DATA: Begin

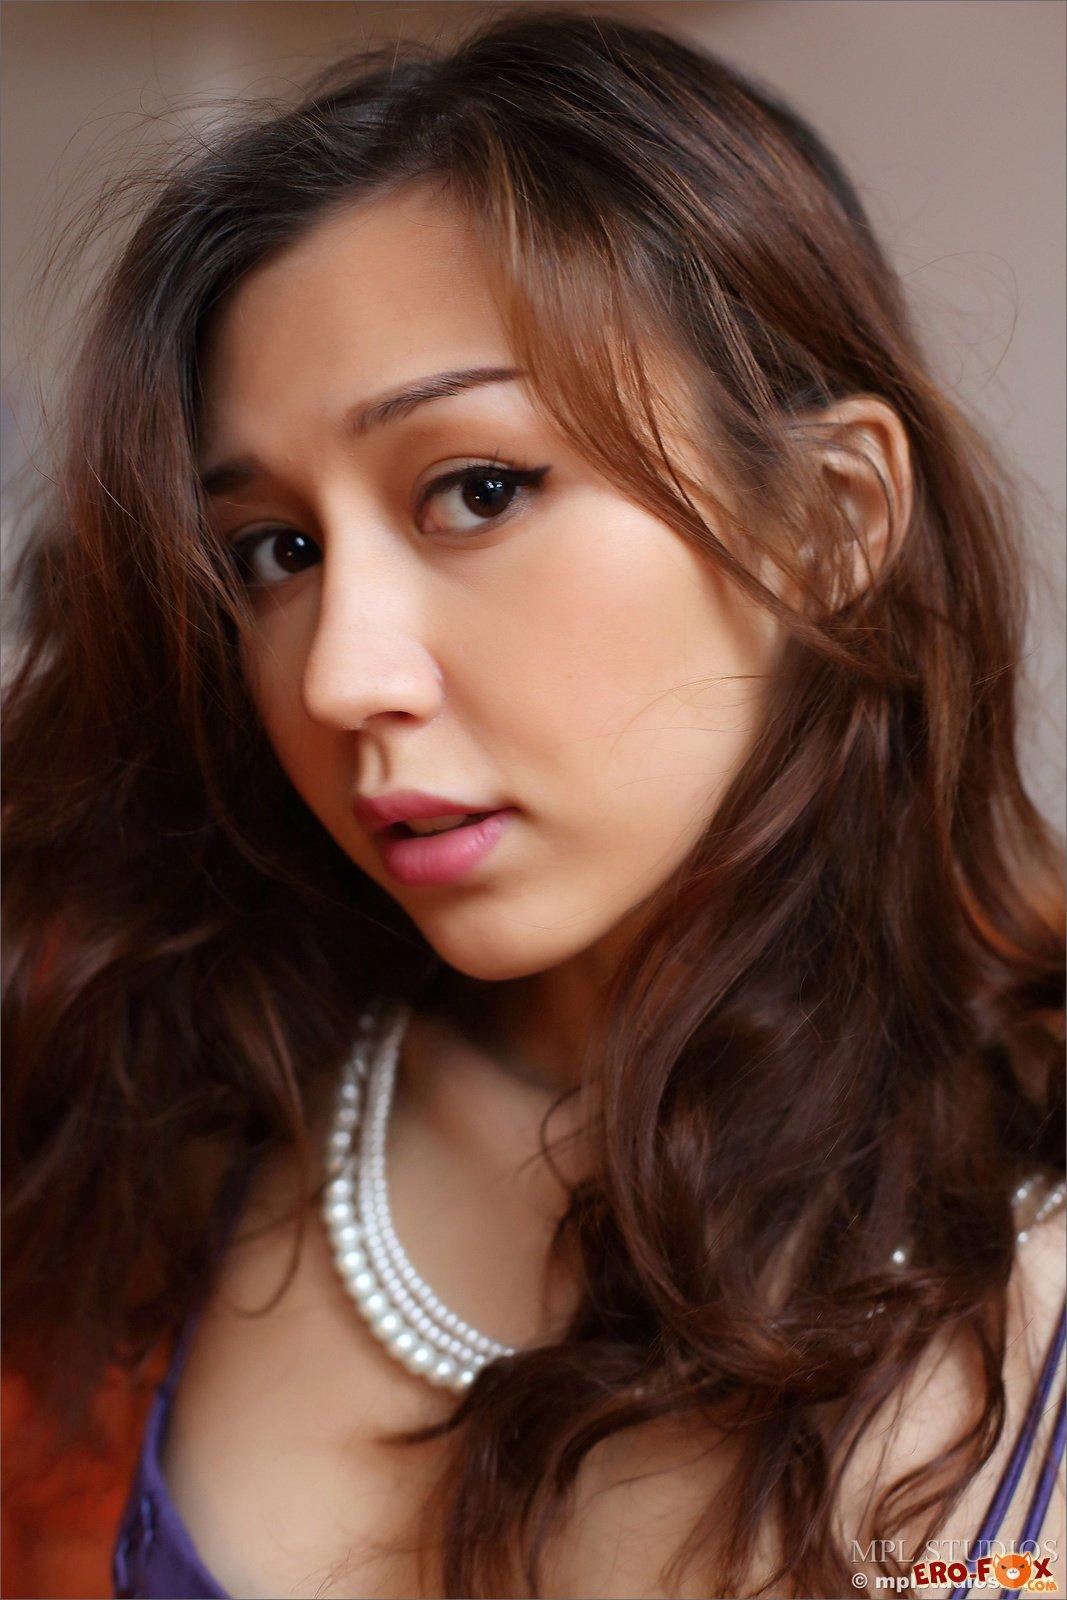 Азиатка с красивой попкой в чулках без трусиков
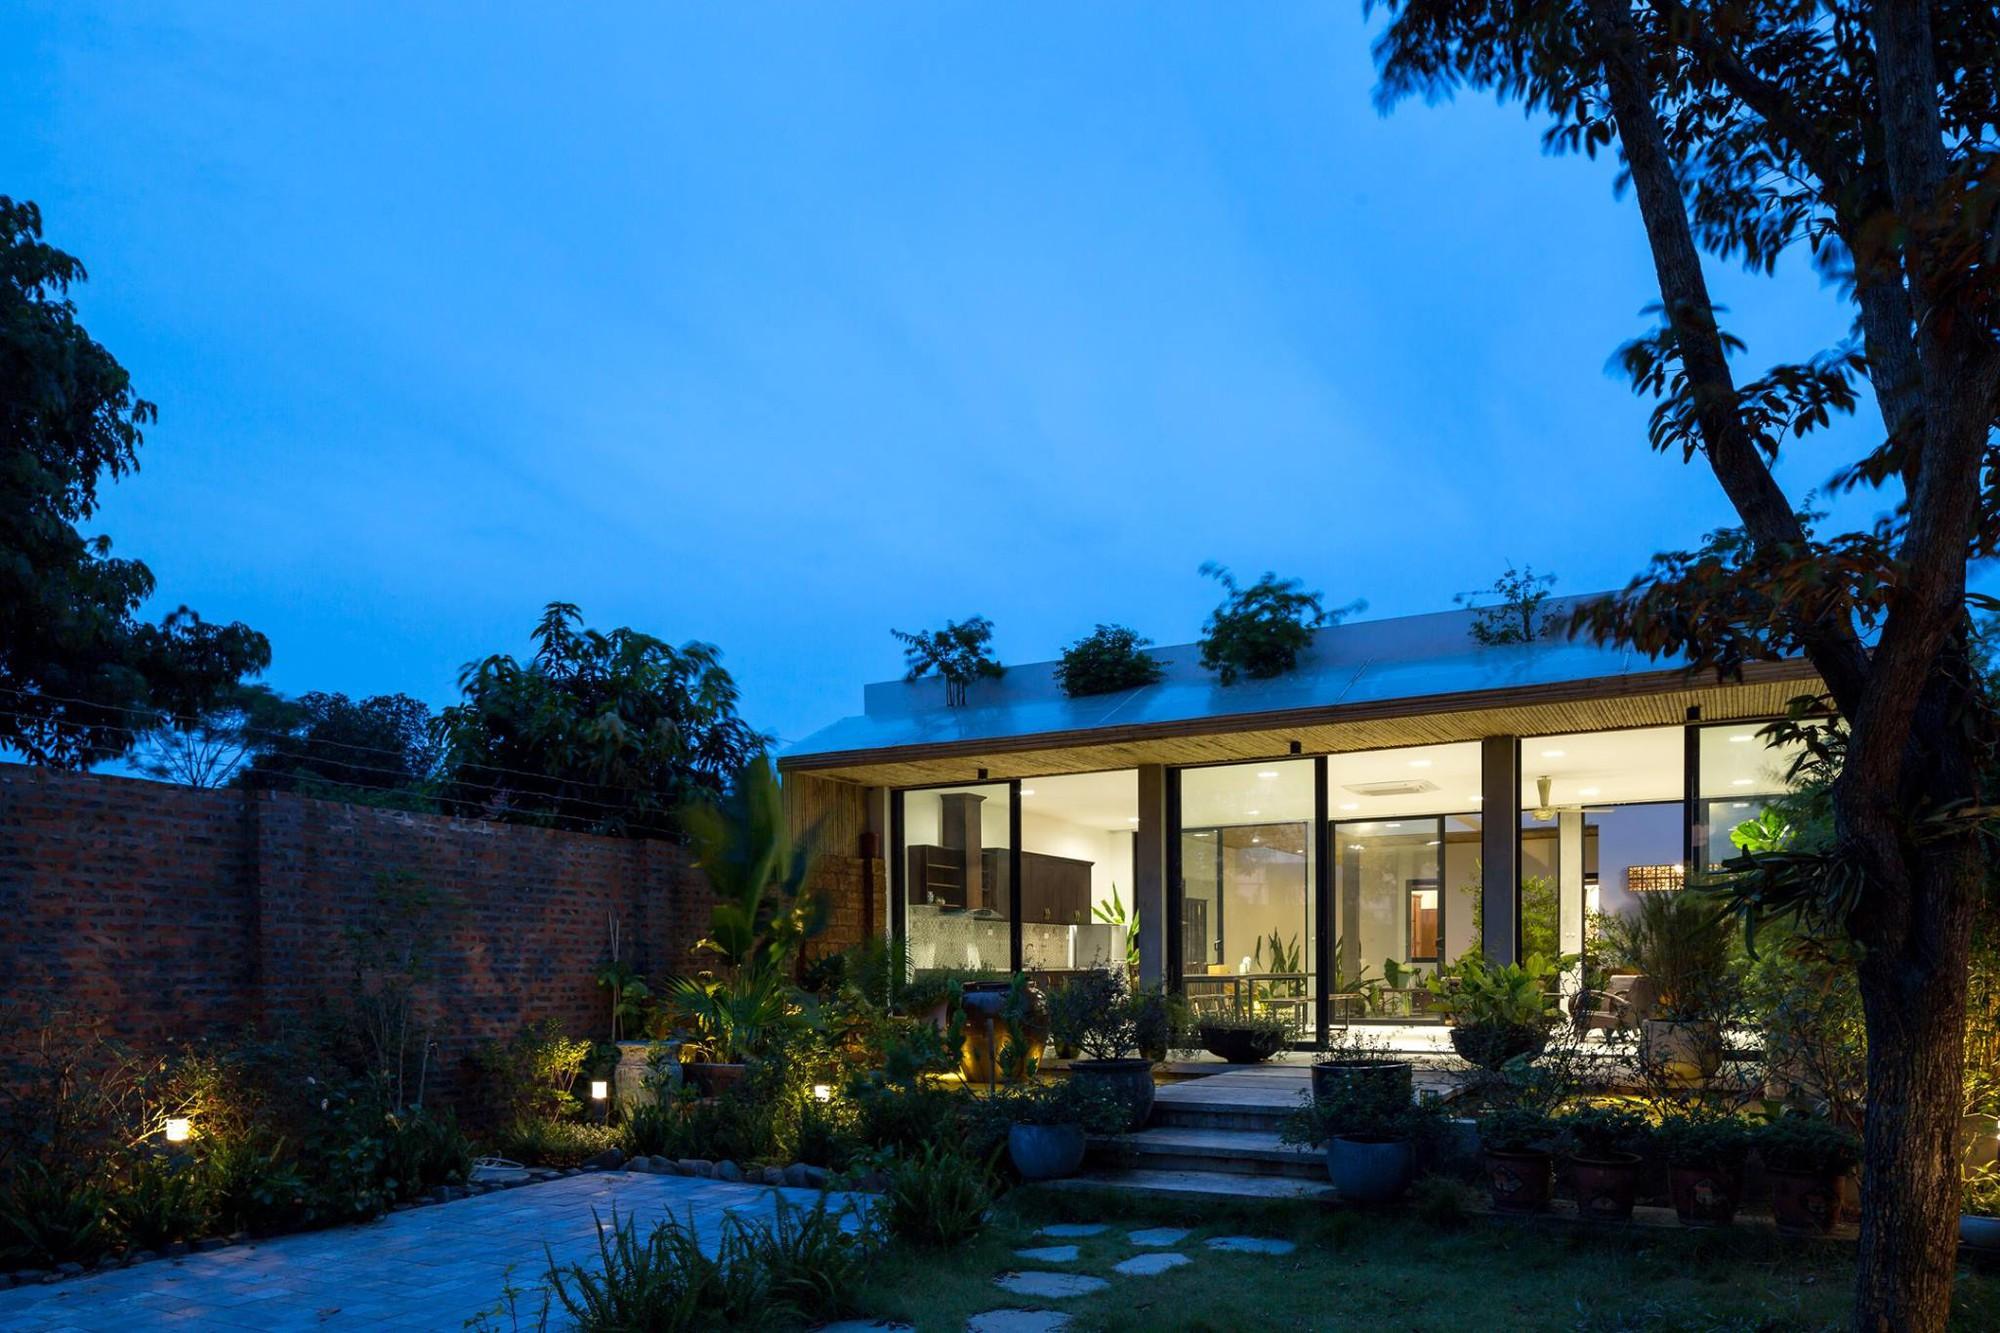 Ngôi nhà cấp 4 chan hòa ánh nắng và cây xanh mang lại vẻ yên bình đến khó tin ở Hà Nội - Ảnh 1.
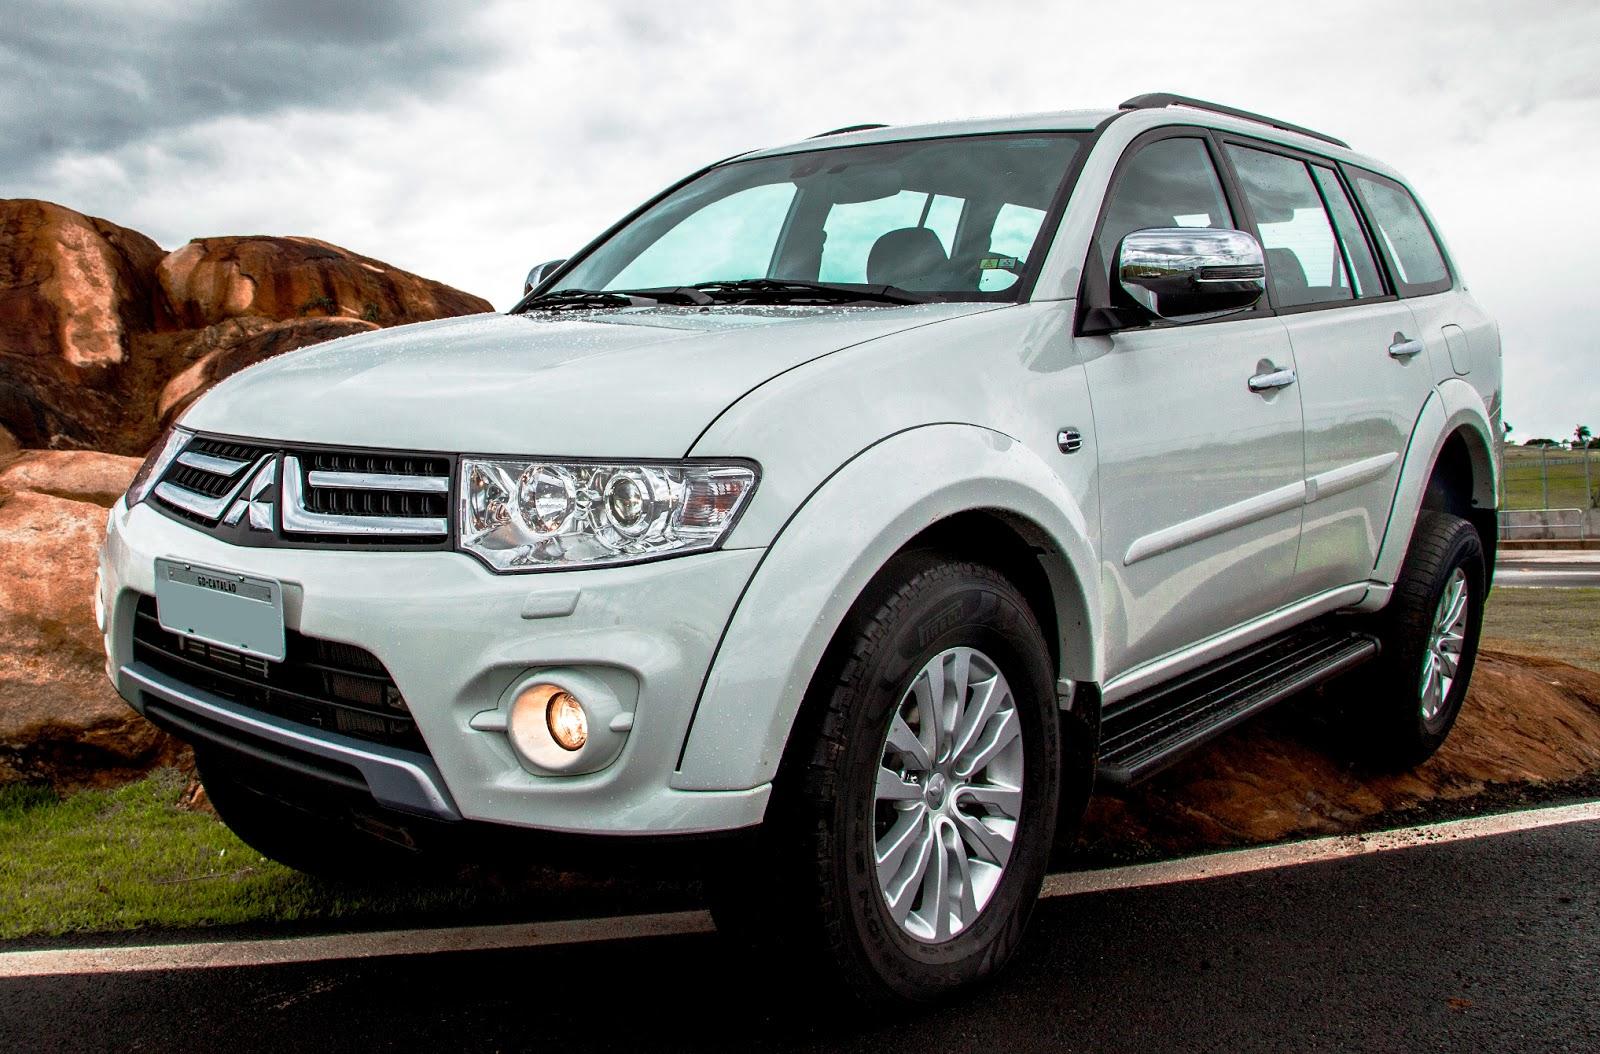 Auto REALIDADE: Mitsubishi Pajero Dakar 2014 chega custando R$ 146 990
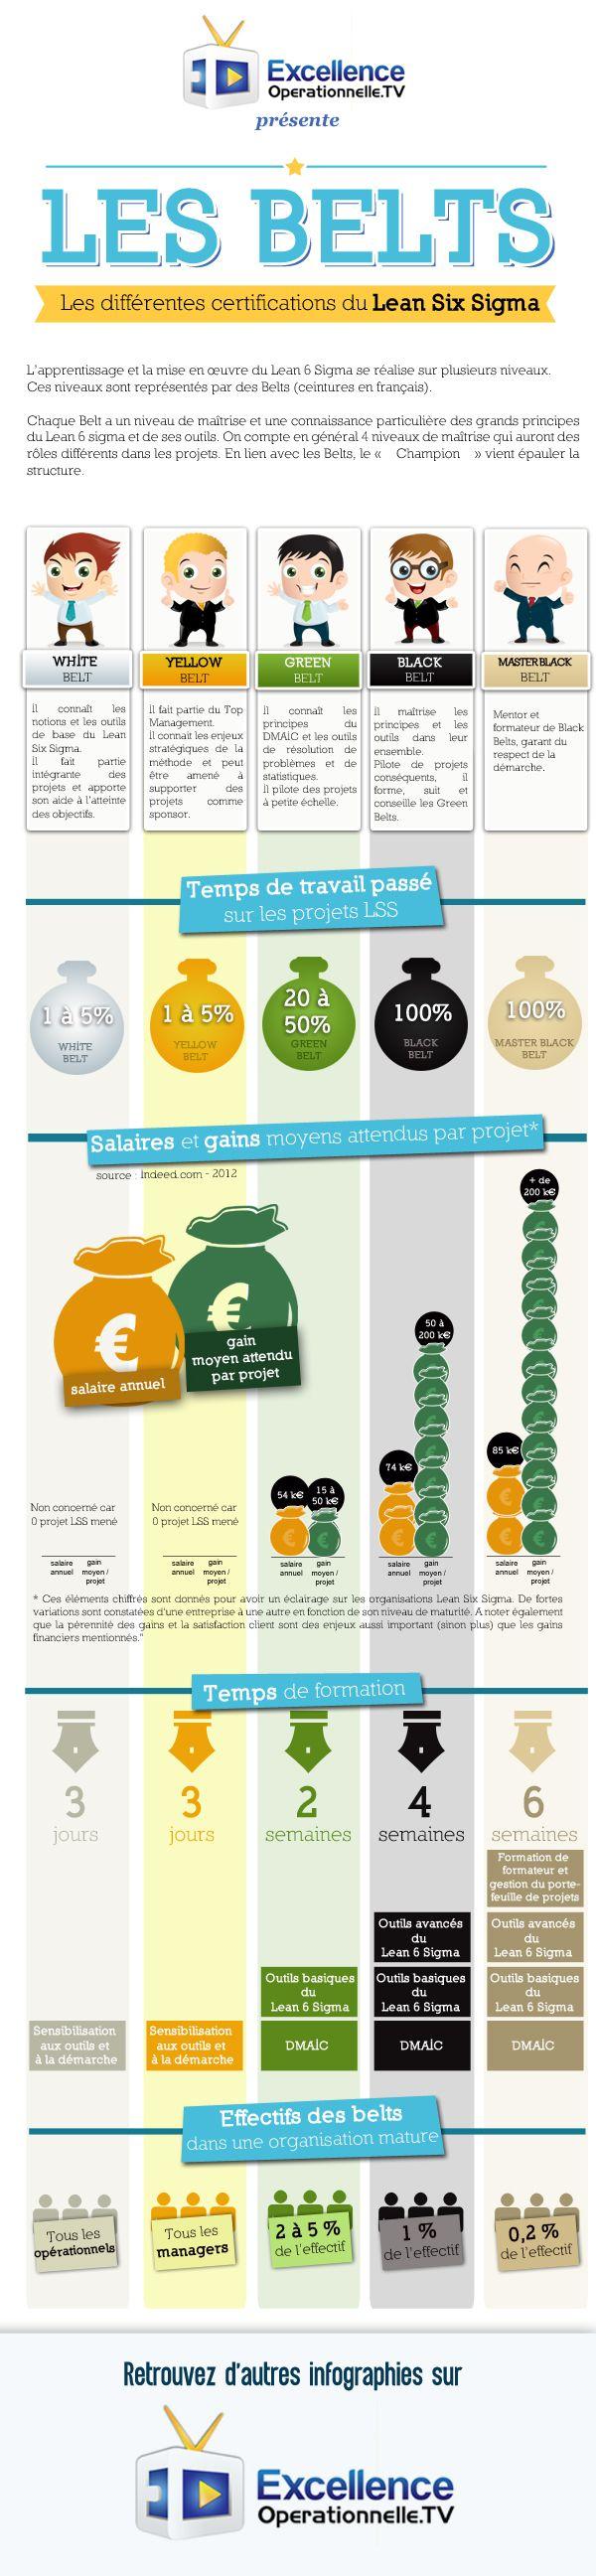 Retrouvez l'infographie expliquant les différents niveaux des Belts dans les organisations Lean Six Sigma ! Et vous, vous êtes Yellow, Green ou Black Belt ?

DATA: End

AIM OF THE TASK
Exactly as written, repeat the lines of the material above from the first through the line holding "Auto REALIDADE: Mitsubishi", with both ends in the copy and no pictures.

RESULT OF THIS EXERCISE
 Азиатка с красивой попкой в чулках без трусиков
 Ngôi nhà cấp 4 chan hòa ánh nắng và cây xanh mang lại vẻ yên bình đến khó tin ở Hà Nội - Ảnh 1.
 Auto REALIDADE: Mitsubishi Pajero Dakar 2014 chega custando R$ 146 990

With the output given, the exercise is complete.